За ночь комэск оббежал вышестоящее командование и начальство особого отдела, убедил их в отсутствии у деда корысти и, назвав его отважным бойцом, лично за него поручился. Вот так мой дед избежал приведения приговора в исполнение. Тогда, будучи еще двенадцатилетним юношей, я не мог понять, зачем на войне стрелять в своего солдата из-за какого-то сена. Желая поскорее отвлечься от тяжелых воспоминаний, дед взял в руки костыли и пересел с рабочего места поближе к телевизору. В это время в телепередаче «Международная панорама» шел репортаж из афганского города Герат. Голос за кадром рассказывал, что социально-экономические и политические реформы правительства Афганистана привели к всплеску социальной напряженности на западе страны и радикально настроенные исламисты при поддержке местных военных и иностранном вмешательстве иранских шиитских кругов, используя недовольство части гражданского населения, подняли антиправительственный мятеж, повлекший многочисленные жертвы.

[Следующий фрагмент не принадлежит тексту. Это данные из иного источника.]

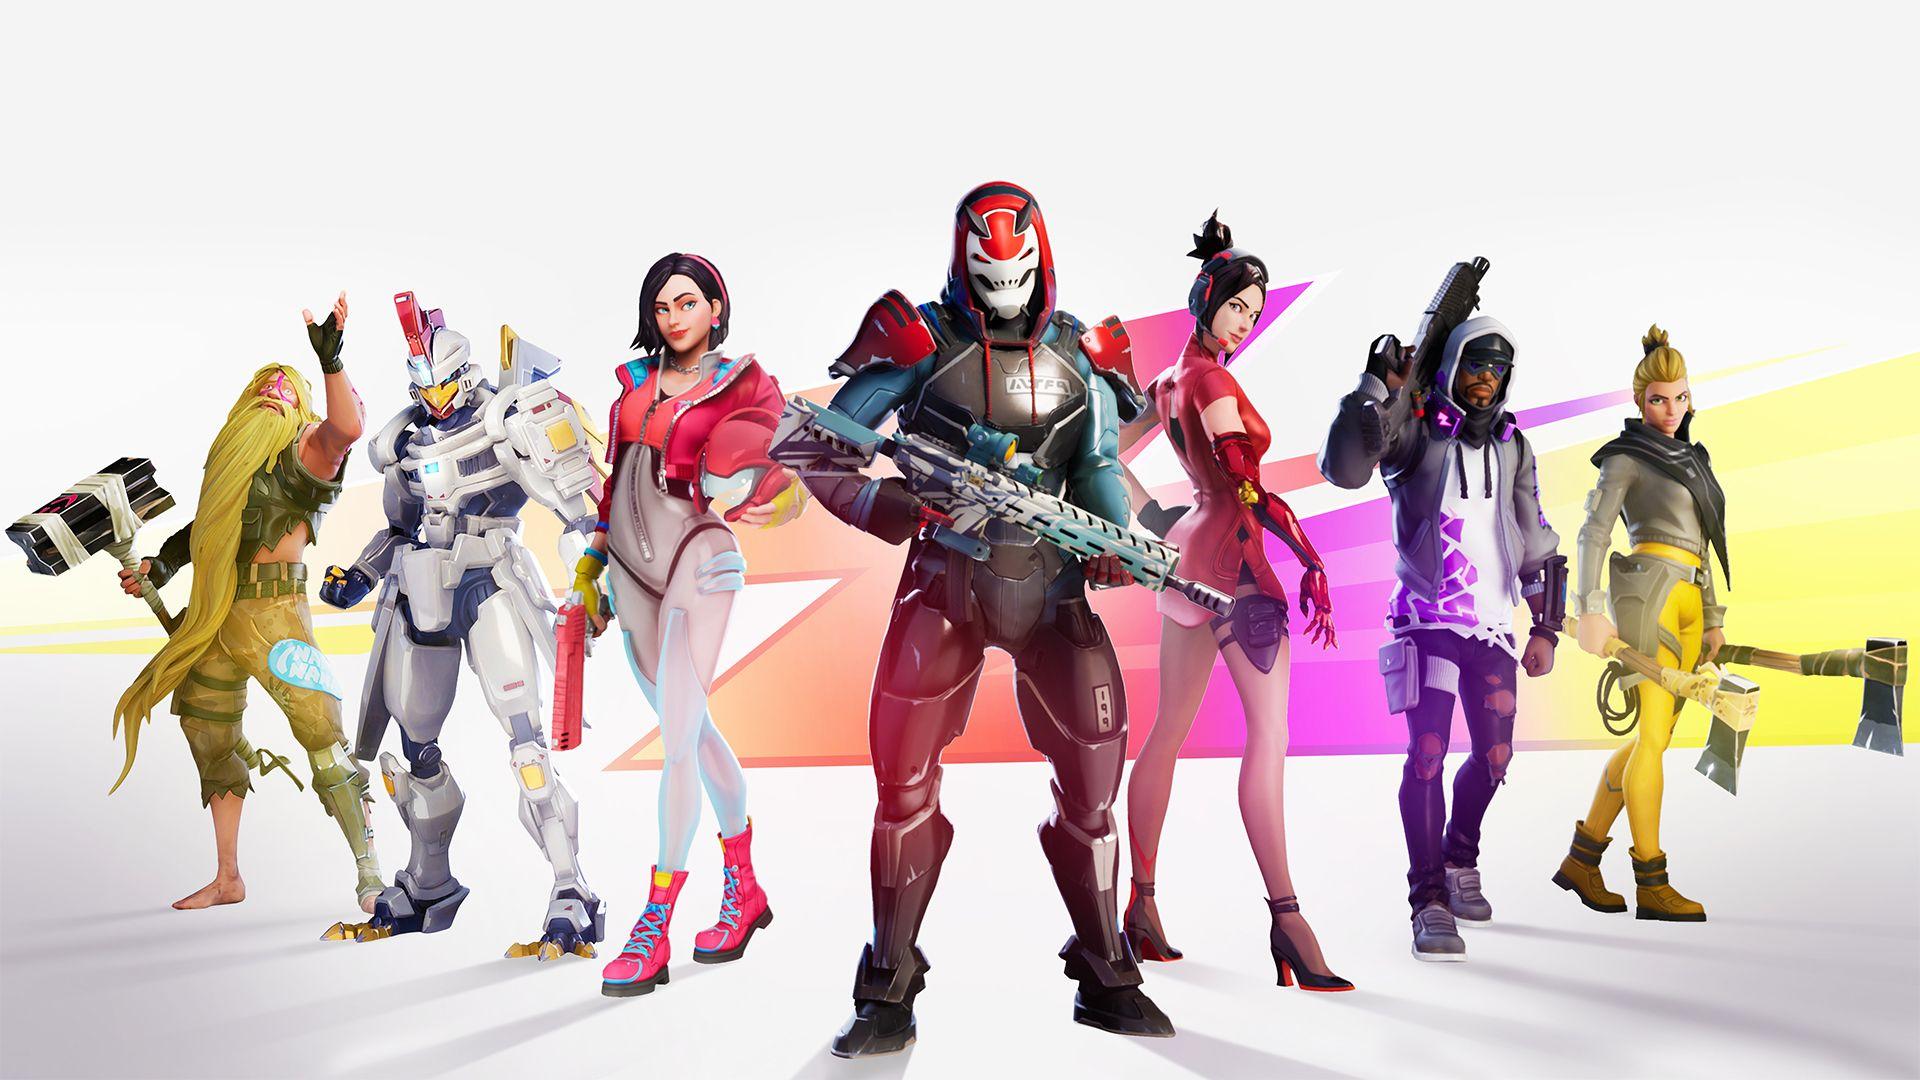 Epic Games Annonce La Disponibilite De La Saison 9 De Fortnite Fortnite Jeux Video Battle Royale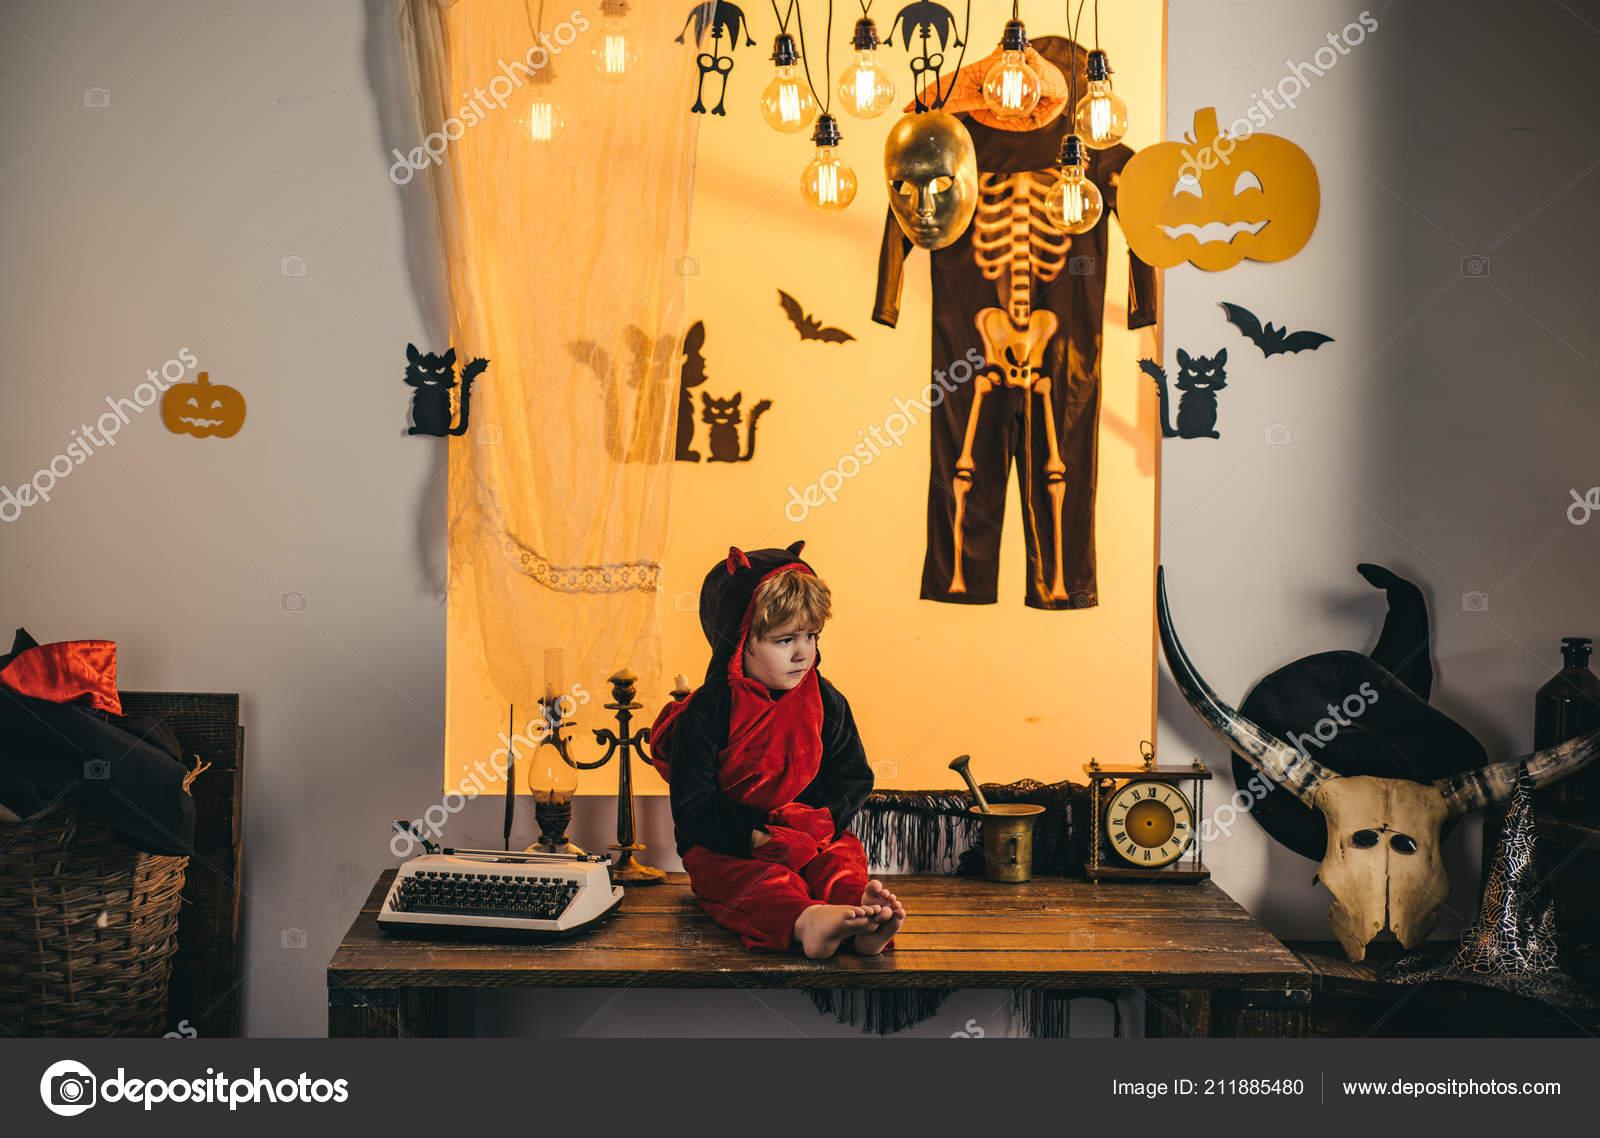 Decorazione di Halloween e concetto spaventoso. Facce di orrore. Felice  Halloween week-end. Zucca magica. I bambini giocare con le zucche e  trattano. 65c054548db6

В числе погибших были также три советских гражданина. Я спросил тогда своего деда, к чему, по его мнению, приведут эти события. «К войне!» — ответил он незамедлительно. В конце декабря 1979 года мой дед Ахмадулла скончался. В тот же день по телевизору объявили о начале ввода Советских войск в Афганистан. Вот такая сермяга, — заключил Руст.
— Верно, всякое бывало! — подтвердил лейтенант Шило, дав установку Русту и сидевшим подле Костру и Сидору. — Тем не менее, завтрашний день нужно провести достойно.
— Мы приложим все усилия, а там — как судьба положит! — истово ответил за всех Сидор.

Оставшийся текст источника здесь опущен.